A few days ago the server went bonkers and locked up. At the time I was not sure why. I restarted the HTTP server (in our case, Lighttpd) and everything seemed to return to normal. That’s usually how you know everything is completely broken.
Today the server went nuts again. For the nerds amongst you, it had a wait ratio of 95% and load average of around 20. That’s not the worst in history, I grant you, but for a modest 256Mb VPS it’s Bad News.
More incredibly nerdy details below the fold.
It seems that I had mucked up a previous bit of preventative maintenance. Lighttpd on Ubuntu reads its configuration files out of /etc/lighttpd/conf-enabled, a directory with symlinks to /etc/lighttpd/conf-available. Files are loaded in the same fashion as SVR5 startups — each one starts with a number and goes up.
Turns out I assumed normal English ordering, not SVR5/ASCII orderings.

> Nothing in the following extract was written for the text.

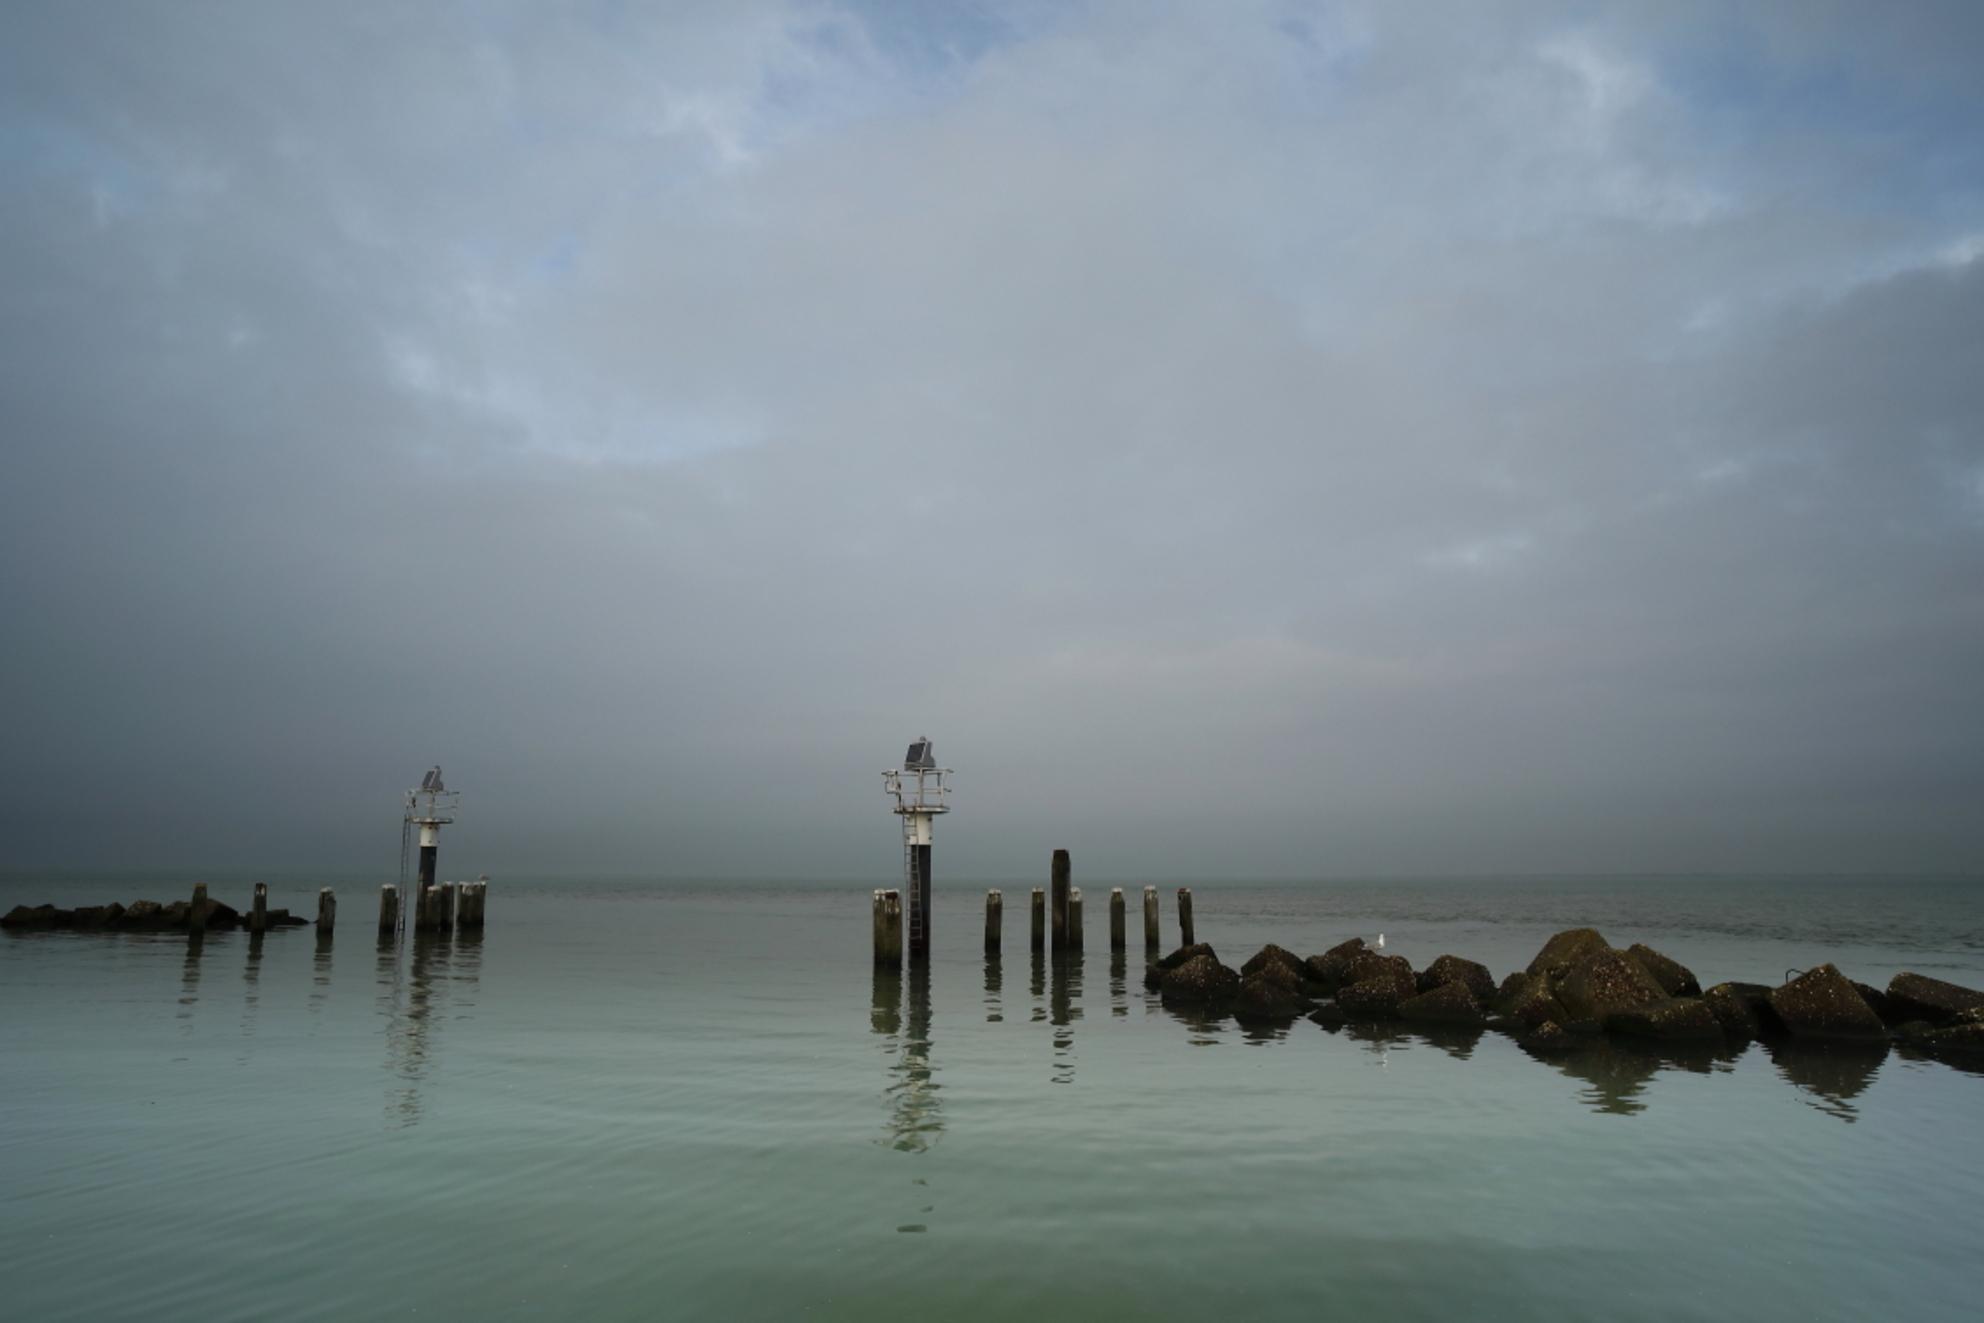 havenhoofd Colijnsplaat - - - foto door jvriens op 03-02-2021 - deze foto bevat: zee, natuur, landschap, haven, kust, havenhoofd
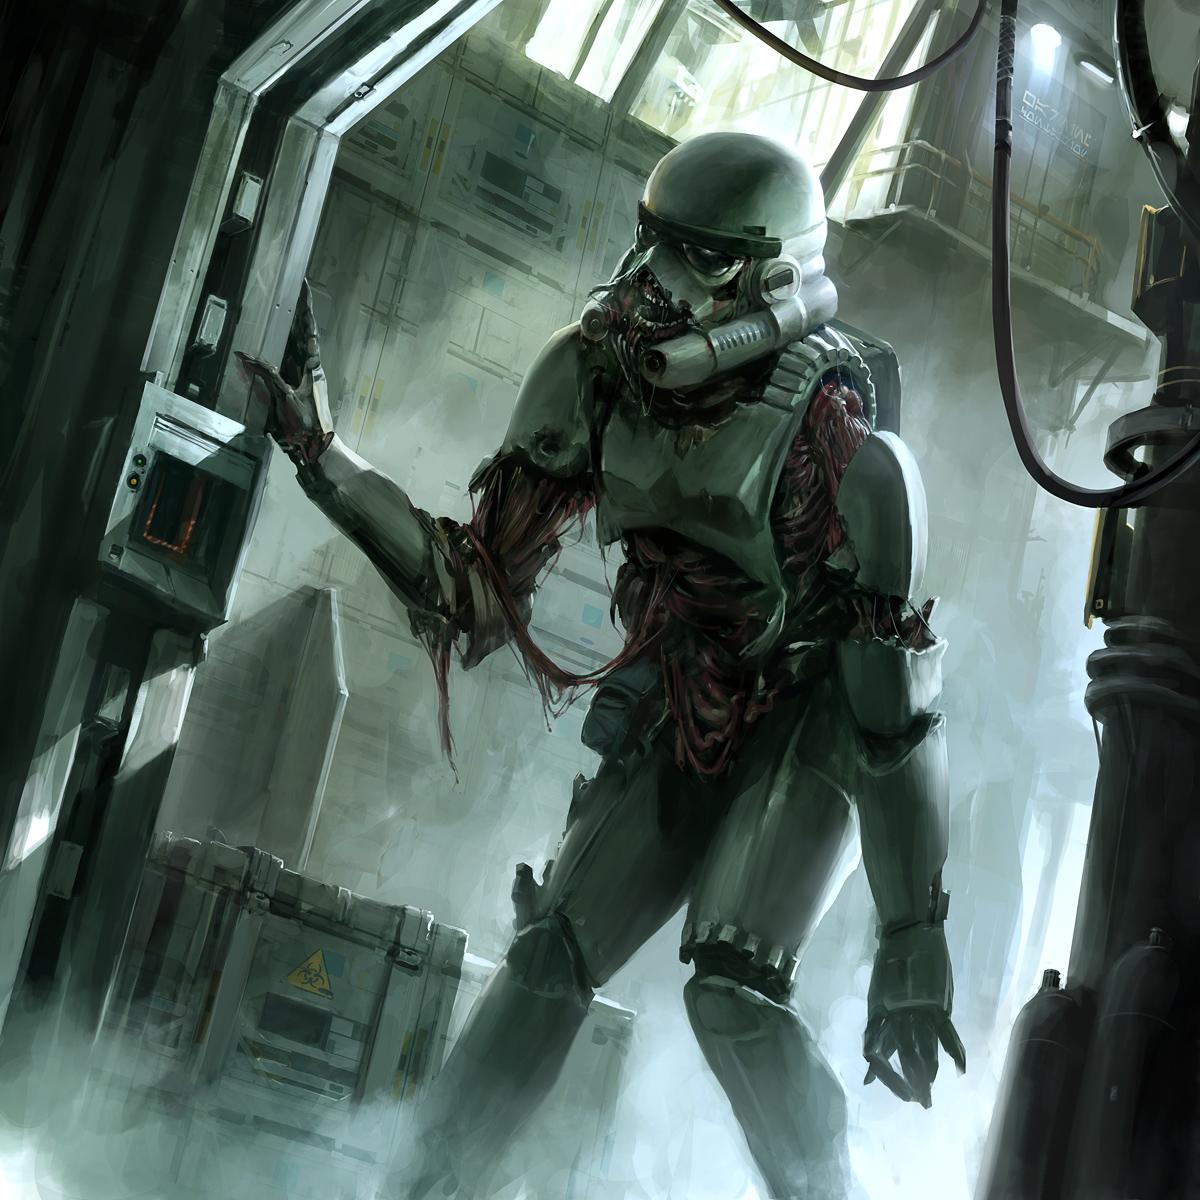 SWGTCG: Re-animated Stormtrooper by ukitakumuki

The upshot is that instead of using FastCGI, where several copies of PHP are started and kept in memory to serve requests, Lighttpd was instead using plain old slow CGI, where it starts up and destroys a full copy of PHP every time someone visited the page. When there are only a few visitors this is not a problem. If there’s a sudden burst — usually a group of search engines deciding simultaneously to index you, say — then the overhead of constantly swapping copies in and out of RAM leads to thrashing on the virtual disk. Then requests begin to pile up in Lighttpd, which means that it just keeps getting slower and slower.
This is, at least, my current best theory. I’ve renamed the various configuration files into the order I want them to load — correctly giving preference to FastCGI over plain CGI. I am hopeful that this will alleviate, and indeed prevent, the problem in future. A quick check of performance using the Apache benchmark tool ab2 suggests that it’s working as it should do under load.